If we were just worried about rendering, we could just simplify or drop features as we go to lower zoom levels, so that, say, z9 tiles wouldn't need to each be 16 times the size of z11 tiles. This is what happens somewhat when you upload shapes to Mapbox data, and it's what tippecanoe lets you do with more control and tons of data. But if we want to do quantitative stuff with the data, this may not work. In our case, with population density data, the problem is that the tiny, population-dense polygons in big cities are the first to go, and suddenly we've made quite a lot of people disappear from our data. Simplification is one way of compromising between accuracy and size, but it's mostly oriented towards rendering. Here, we need some other way of making that comporomise.
Aggregate on a grid So, the approach we've been trying to solve this problem is, instead of simplifying the feature data, *aggregating* it using a grid.
For example, if we have our original polygons at z13, then at z12 we make a grid of square features--say 32x32 squares for each tile--and then for each square, we calculate its properties by aggregating them from the features in z13 that intersect with it. Then, for z11, we do the same thing, but now each square at this level aggregates the data from the four squares that corresopnd to it in z12. And so on.

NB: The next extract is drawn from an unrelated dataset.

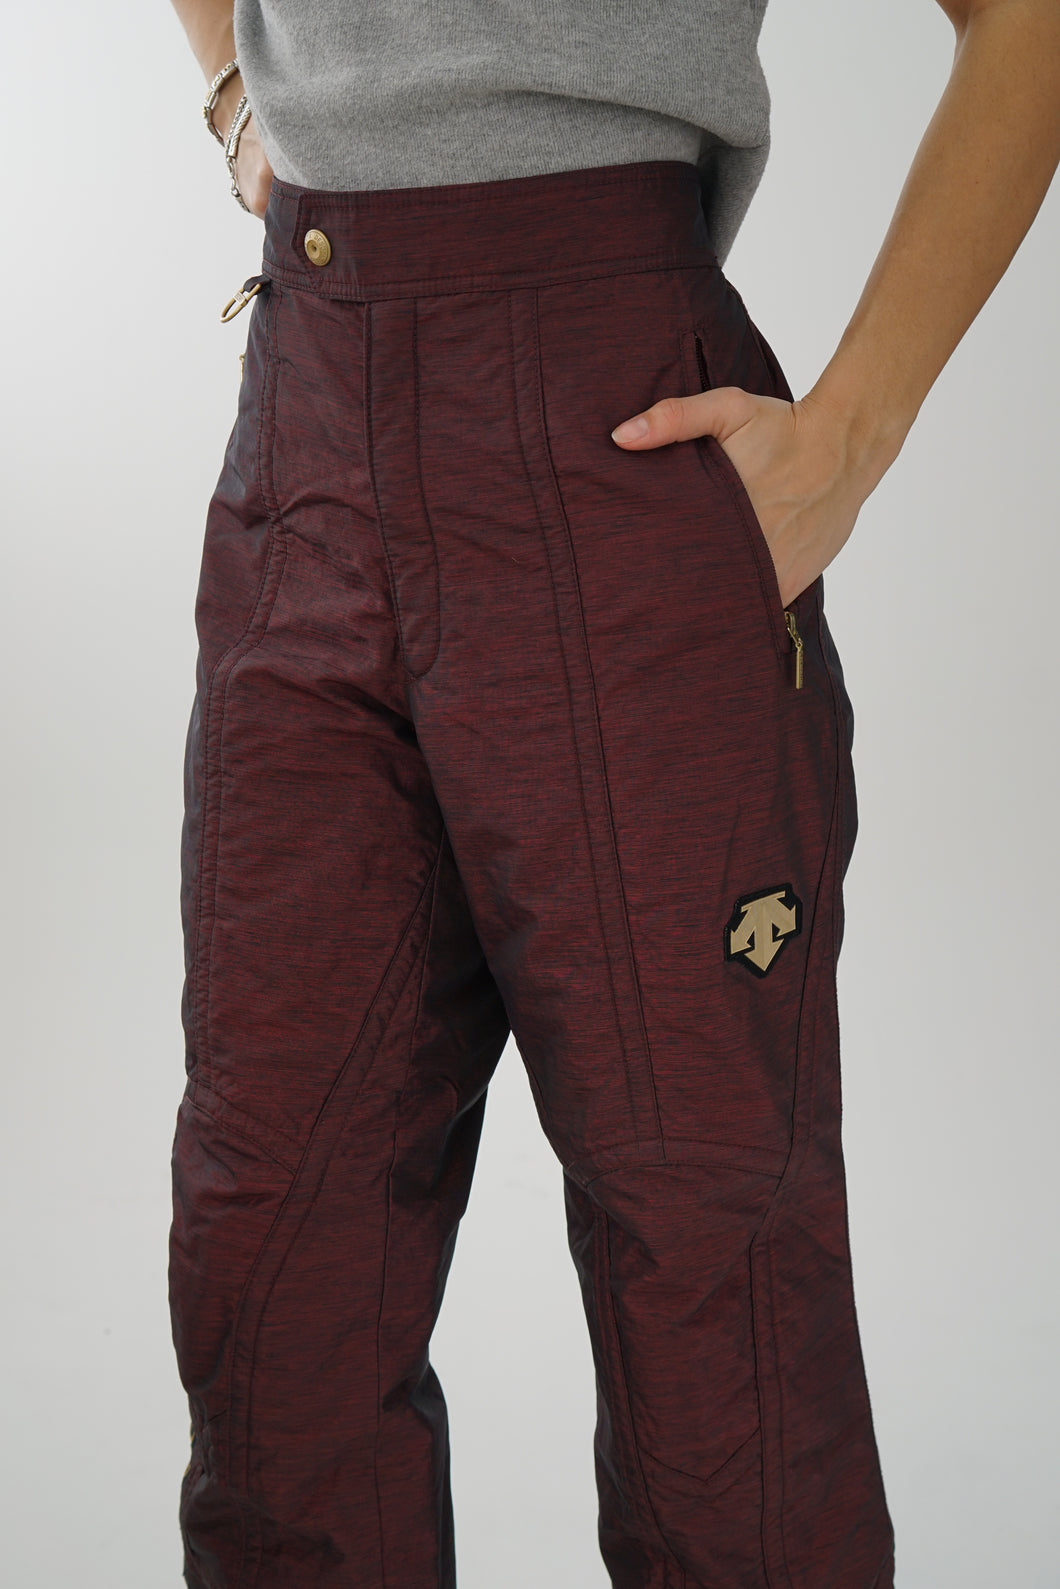 Vintage dark red Descente unisex snow pants size 36 (L)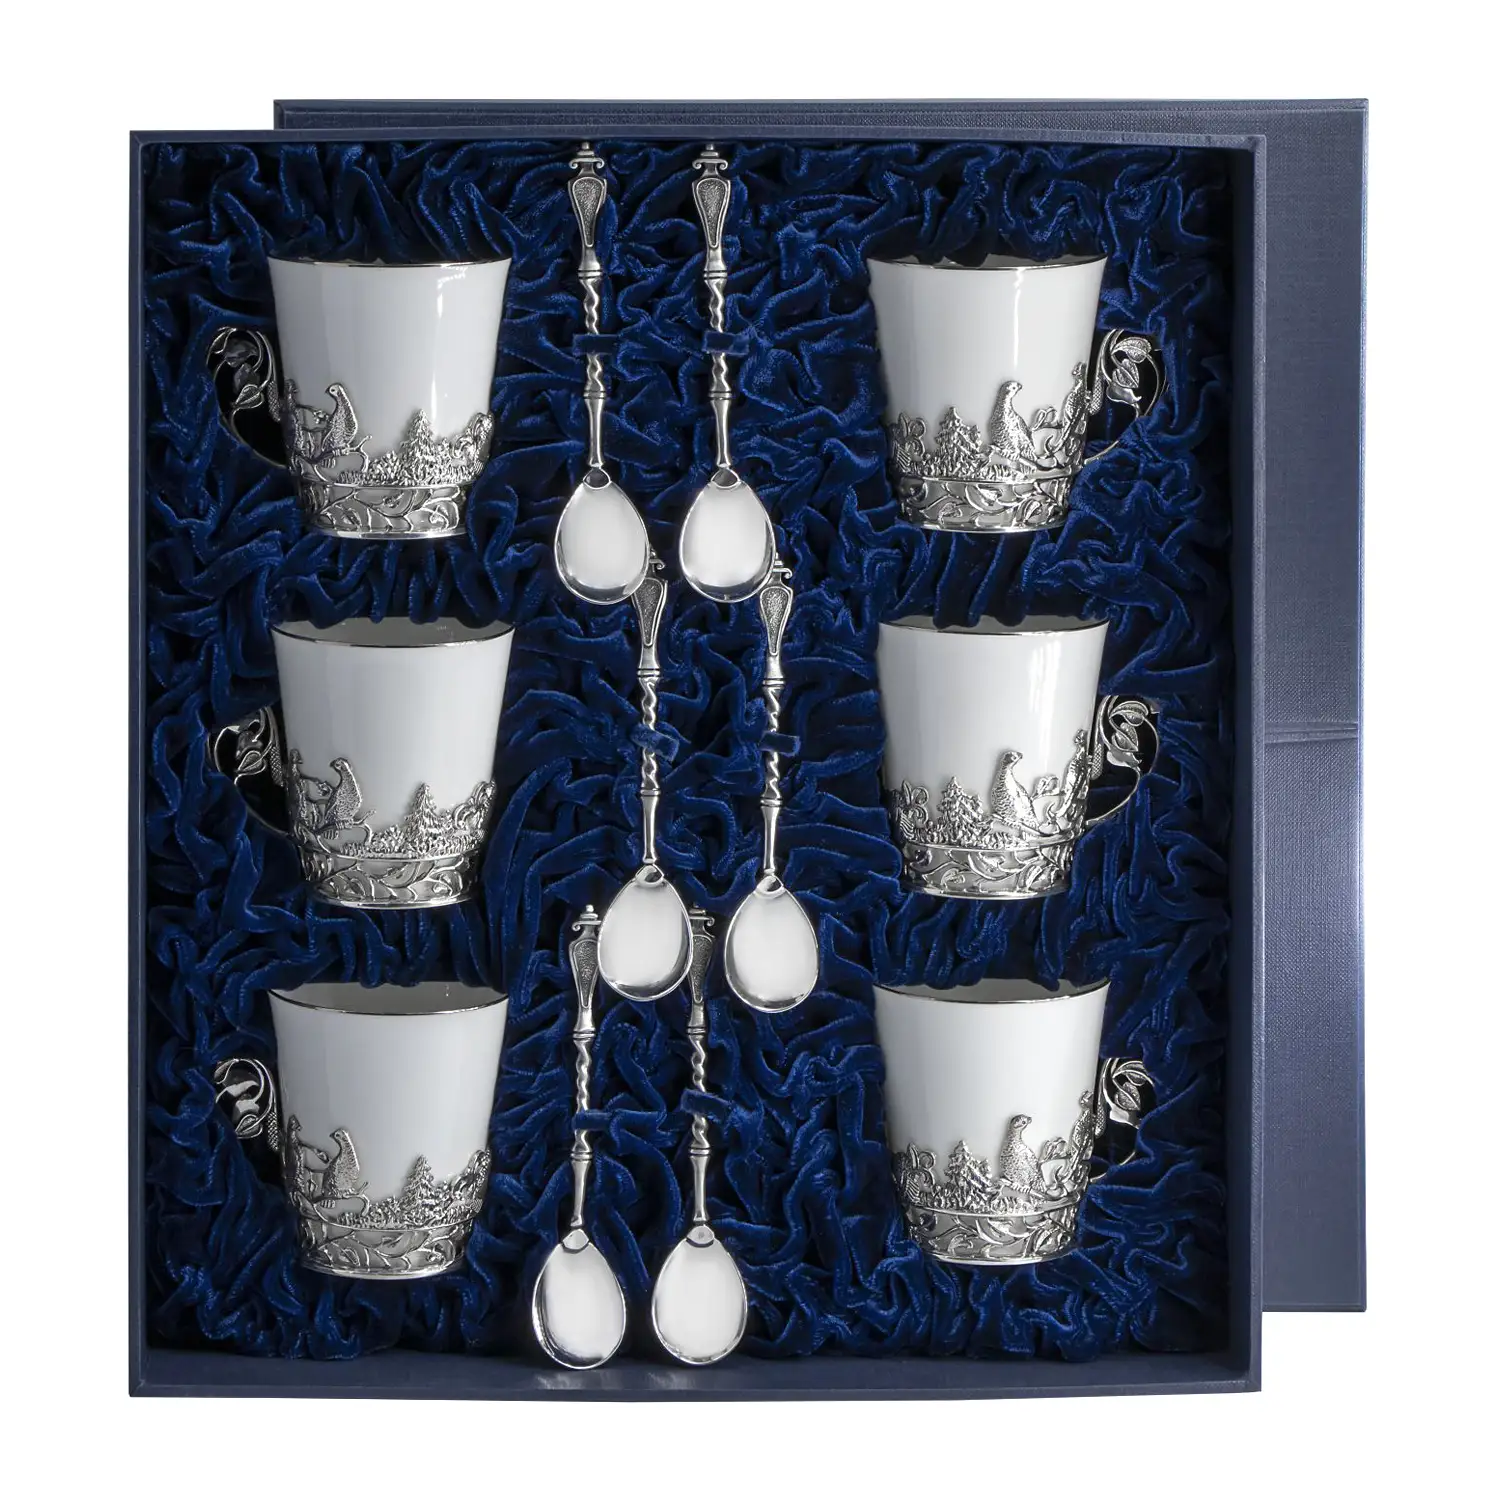 Набор чайных чашек Тетерев: ложка, чашка (Серебро 925) набор чайных чашек симфония ложка чашка серебро 925

Which specific aggregations that make sense depend on the application. In the worldpop project, we used an area-weighted mean of the population density. So, for each grid square, we take the features that it covers from the next zoom level, multiply the density by the area, add them up, and then divide by the total area. I think the cool thing about the aggregated data is that it enables something kinda like "scale-independent", interactive analysis. Here's an example in action. One nice thing here is that now, I can use a much more efficient tile cover, with big tiles quickly filling the large interiors of the polygon and smaller, more precise tiles for the outside. On the other hand, doing that requires using vt-geojson, like I showed before. But since this version is using Mapbox GL, we could also choose to simplify things: GL is already downloading the vector tiles in order to render them in the browser, and it's got methods that let us query the underlying feature data.
npm install -g vt-grid

vt-grid raw-data.mbtiles grid.mbtiles \
  --gridsize 1024 \
  --aggregations 'pop:areaWeightedMean(density)'
Getting this to work involved pulling together or writing a good number of low-level pieces for manipulating vector tiles, and so, in the hopes of making it a bit more reusable, I assembled them together into a little package that that works from Node or the command line.
Other examples? What's next? So in this example, I had polygons with density data. So far, we've encountered one other example: we built an imagery browser for OpenAerialMap, and we used a sort of heat map to show how many footprints are available in a certain area. Are there other classes of problems where this sort of approach, or a variation of it, might be useful?